1Department of Obstetrics and Gynecology, The First Hospital of Lan Zhou University, Lanzhou, China;  2The Reproductive Medicine Special Hospital, The First Hospital of Lanzhou University, Lanzhou, China;  3Department of Obstetrics and Gynecology, Zhang ye People’s Hospital Affiliated to Hexi University, Zhangye, China

*These authors contributed equally to this work

Correspondence: Yongxiu Yang
Department of Obstetrics and Gynecology, The First Hospital of Lan Zhou University, No.1 Donggang West Road, Chengguan District, Lanzhou, Gansu Province, People’s Republic of China
Tel +86 1 380 931 8605
Email [email protected]

Background: Ovarian cancer (OC) is the most common type of gynecological malignant tumors with poor prognosis. The spen paralogue and orthologue C-terminal domain containing 1 (SPOCD1) is a newly identified molecule that has been indicated to discriminate progressive in human solid tumors. However, the role of SPOCD1 in OC remains unknown.
Methods: The expression of SPOCD1 in OC and non-cancerous tissue was detected by Realtime polymerase chain reaction and immunohistochemical staining. The expression of SPOCD1 in OC cells (SKOV3 and CAOV3) was also detected by immunohistochemical staining. The effect of SPOCD1 on cell proliferation was analyzed by Cell Counting Kit 8 and colony formation assay, and cell migration was analyzed by transwell assay. Apoptosis was analyzed by flow cytometry. The protein expression of SPOCD1, PTEN, PI3K, p-AKT, and mTOR in OC cells was measured by Western blot.
Results: SPOCD1 expression was significantly upregulated in OC tissues compared with non-cancerous tissues (P< 0.01), and was positively correlated to FIGO stage and tumor grade of OC. Also, SPOCD1 was significantly expressed in nucleus and cytoplasm of SKOV3 and CAOV3 cells.

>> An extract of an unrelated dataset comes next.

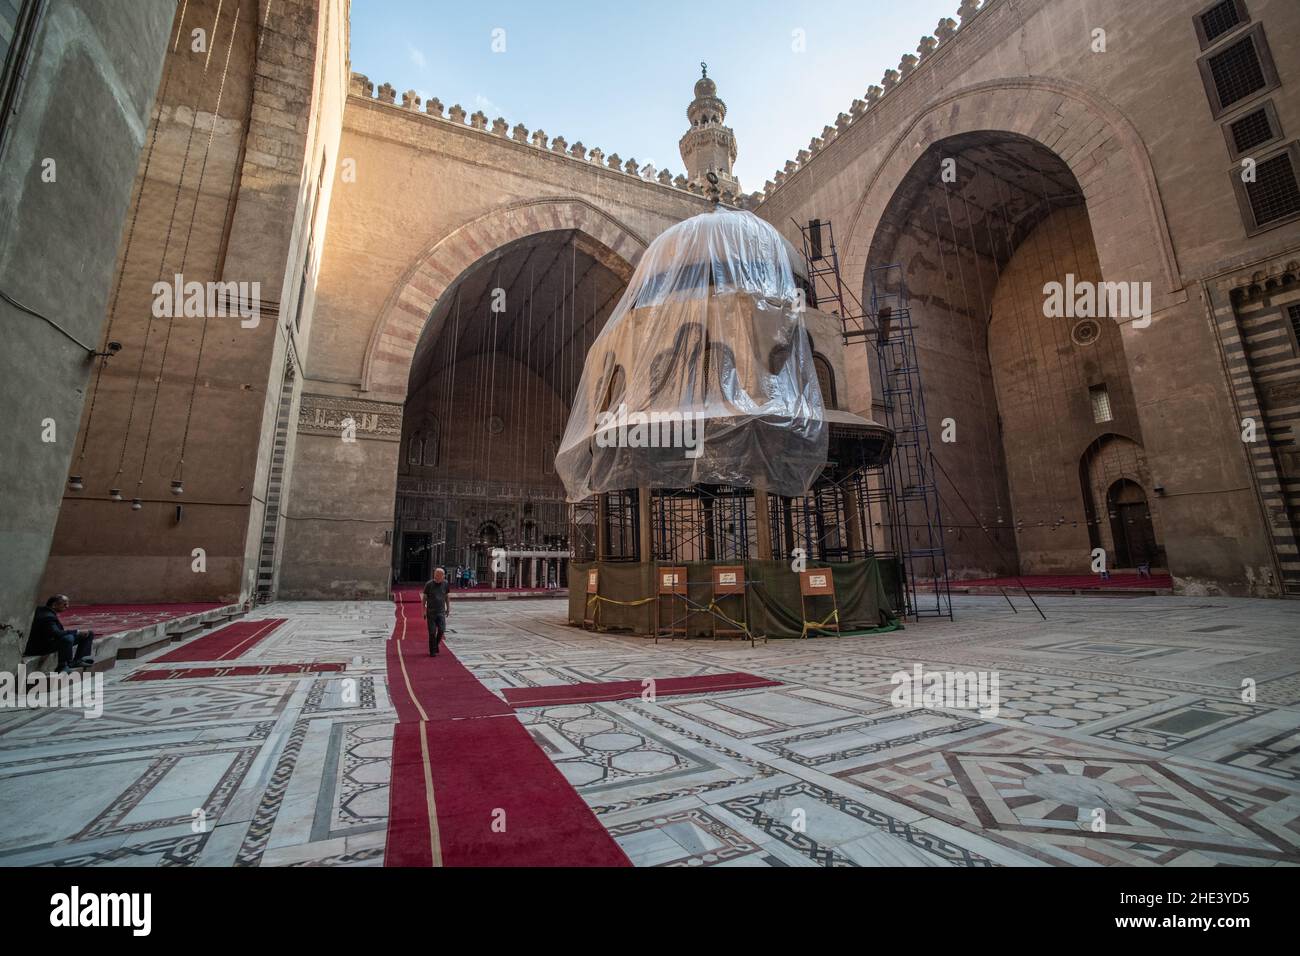 Il cortile e la fontana dell'antica moschea madrasa del Sultano Hassan al Cairo, considerata come uno dei più grandi edifici islamici del mondo. Foto Stock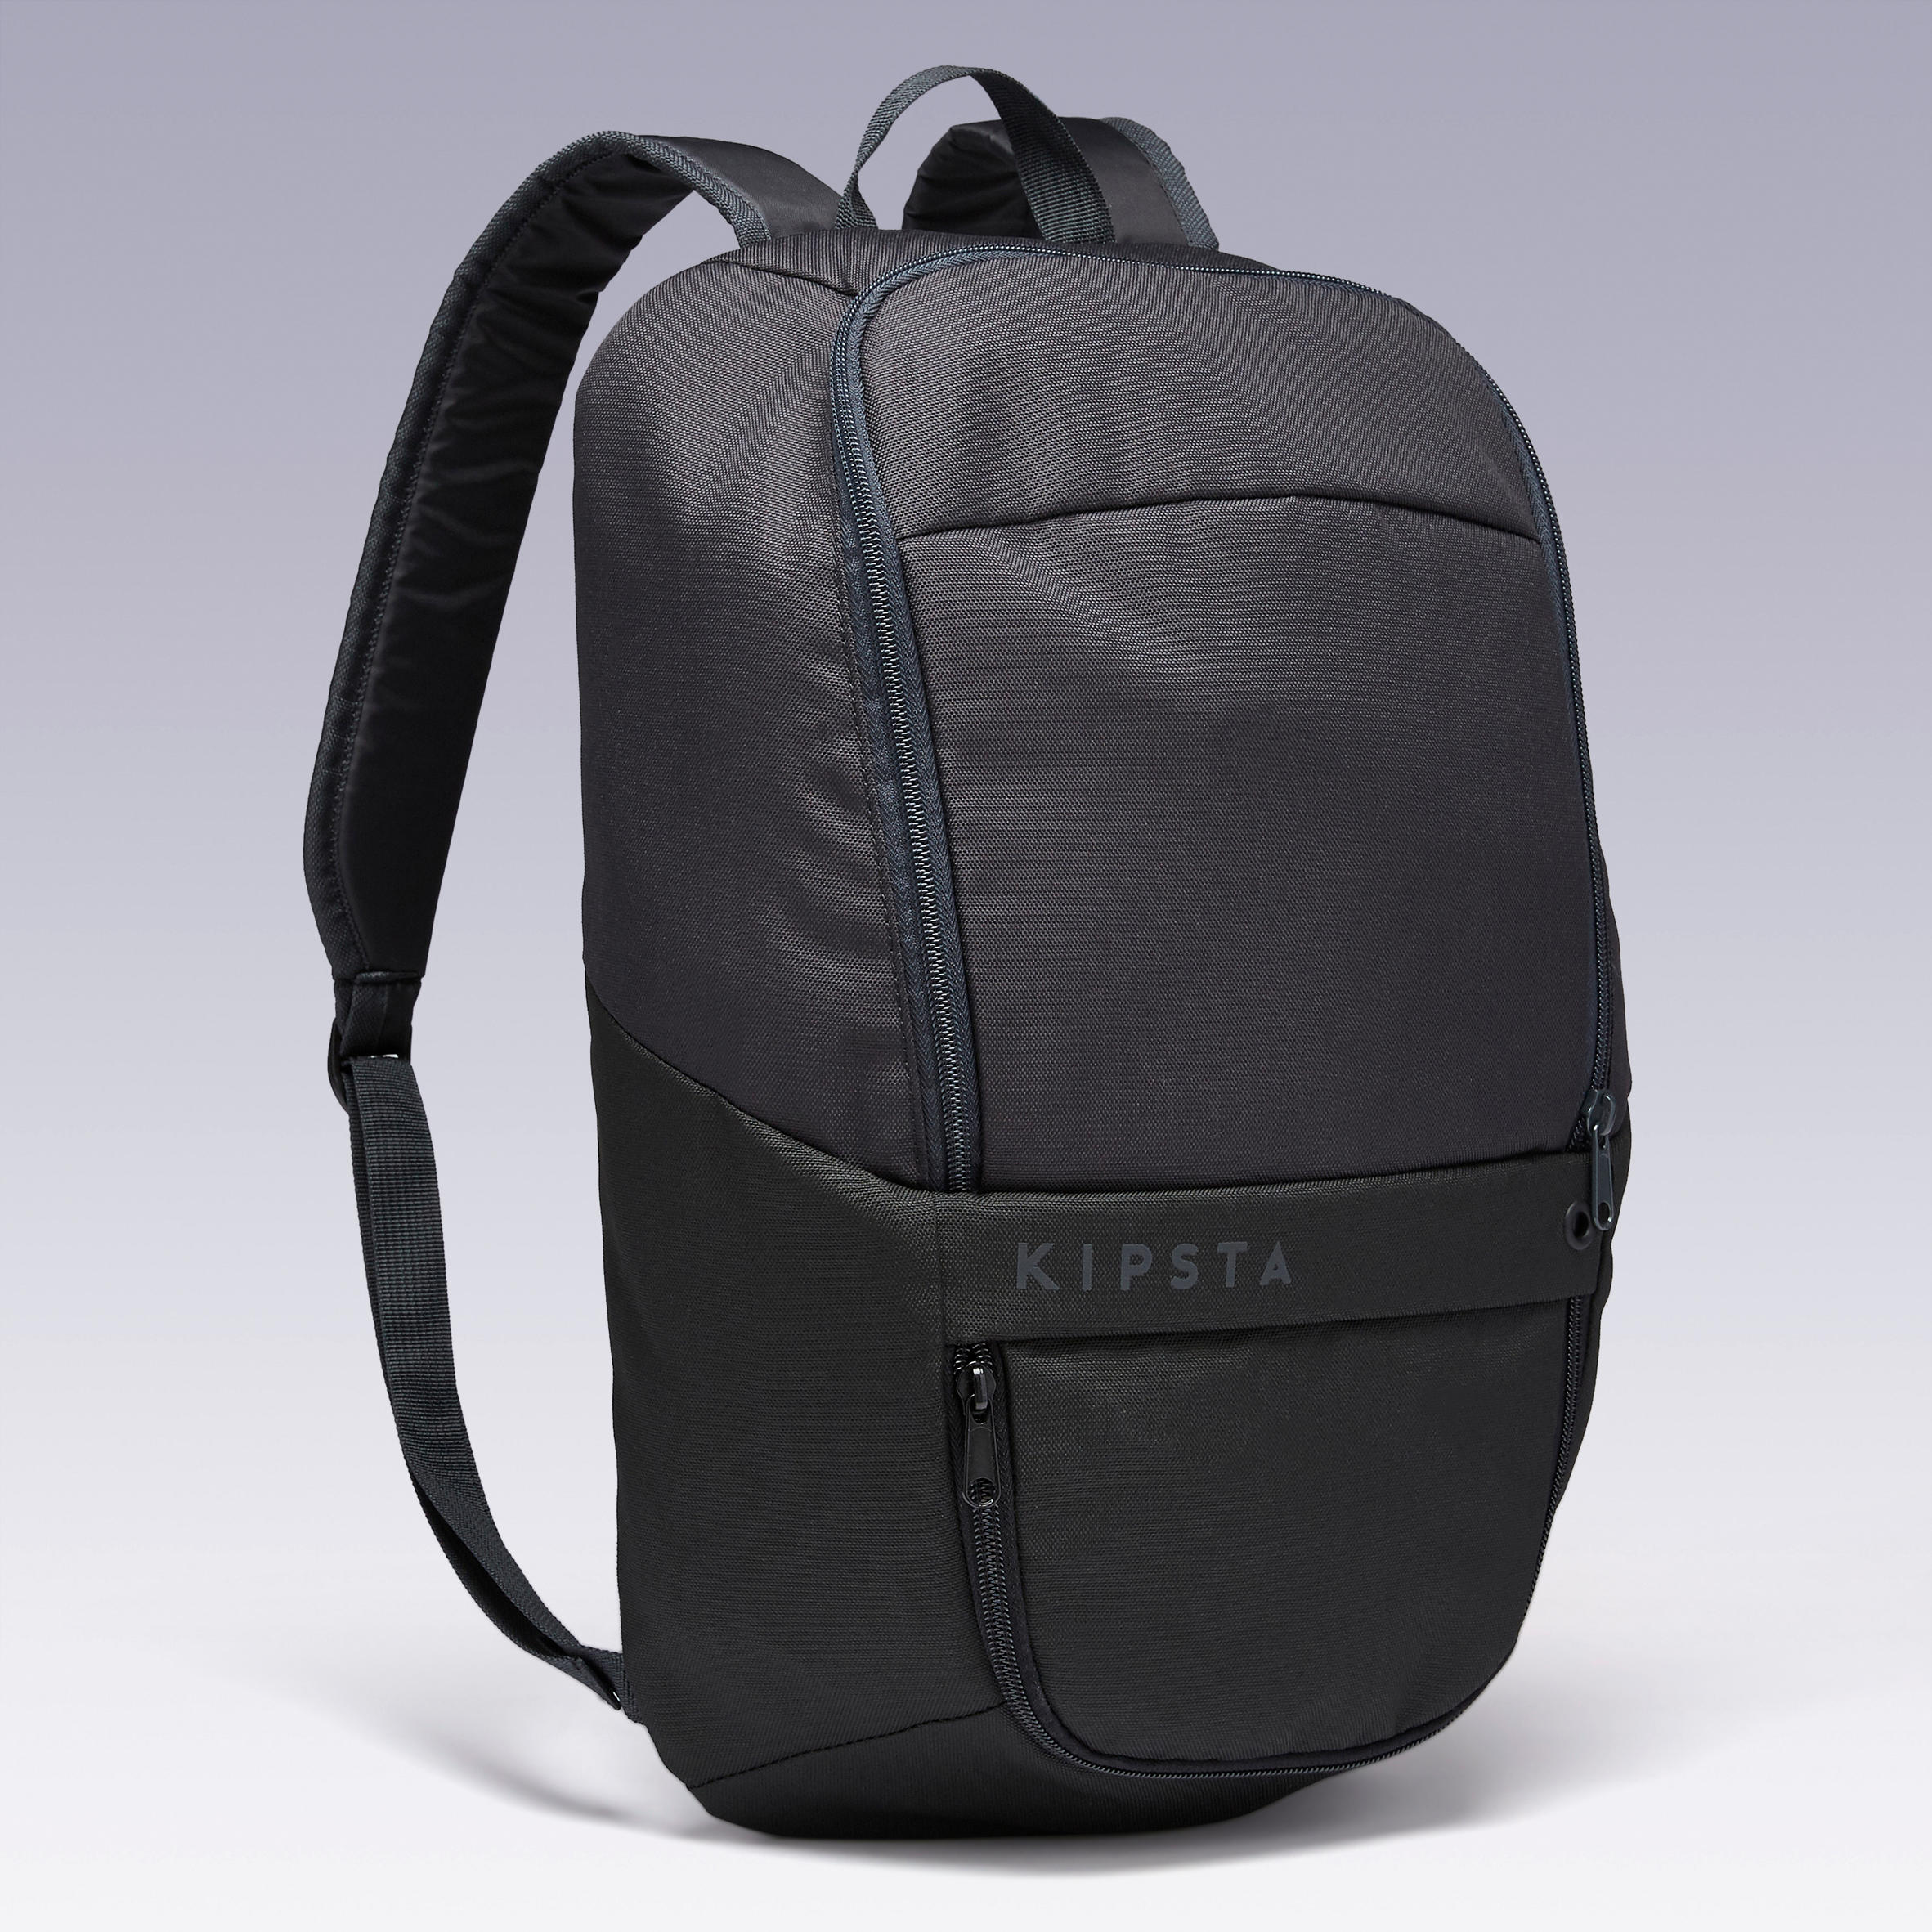 ULPP 17-Litre Backpack - Black 3/11

Kaplan–Meier analysis indicated that patients with high SPOCD1 expression had shorter overall survival (HR =1.512, 95%CI: 1.321– 2.793, P=0.031) and progression-free survival (HR =1.875, 95%CI: 1.435– 3.157, P=0.028). SPOCD1 was upregulated in OC SKOV3 and CAOV3 cells. Further investigation revealed that downregulation of SPOCD1 inhibited the SKOV3 and CAOV3 cells proliferation and migration. In addition, the deficit of SPOCD1 increased the apoptosis in SKOV3 and CAOV3 cells. PI3K/AKT pathway was inhibited by knockdown of SPOCD1 in SKOV3 and CAOV3 cells.
Conclusions: Our data suggest that SPOCD1 may act as a carcinogenesis factor by activating the PI3K/AKT pathway to restrained cell apoptosis in OC.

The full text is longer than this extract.